Aim of the task: Transcribe exactly the lines that fall between the one holding "Bath & Body" and the one holding "Main Image - SKECHERS", inclusive, from the entries below.

Supplied information:

--- START ---

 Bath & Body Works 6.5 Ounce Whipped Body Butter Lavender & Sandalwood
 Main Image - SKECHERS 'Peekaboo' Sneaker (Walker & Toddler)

--- END ---
--- START ---

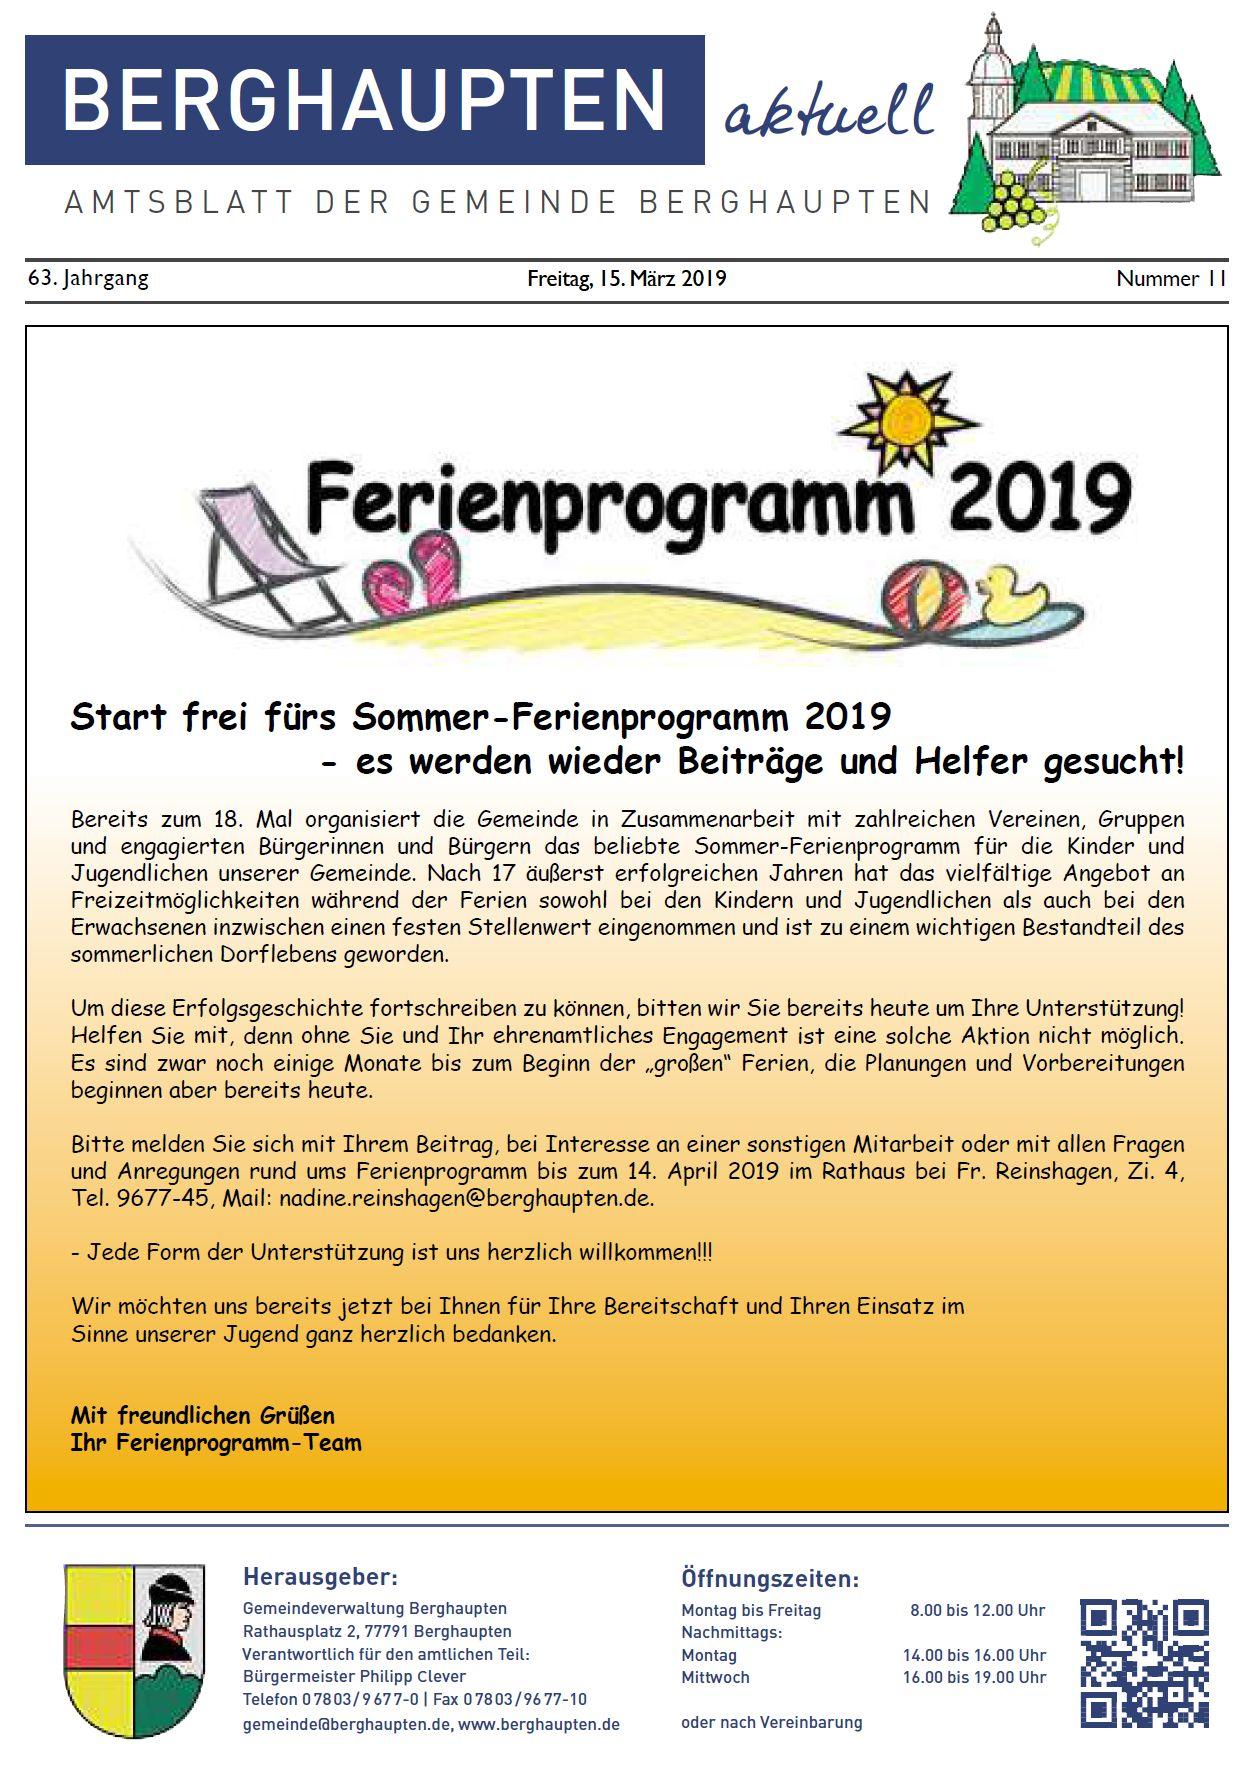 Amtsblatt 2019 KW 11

--- END ---

Output of the exercise:
 Bath & Body Works 6.5 Ounce Whipped Body Butter Lavender & Sandalwood
 Main Image - SKECHERS 'Peekaboo' Sneaker (Walker & Toddler)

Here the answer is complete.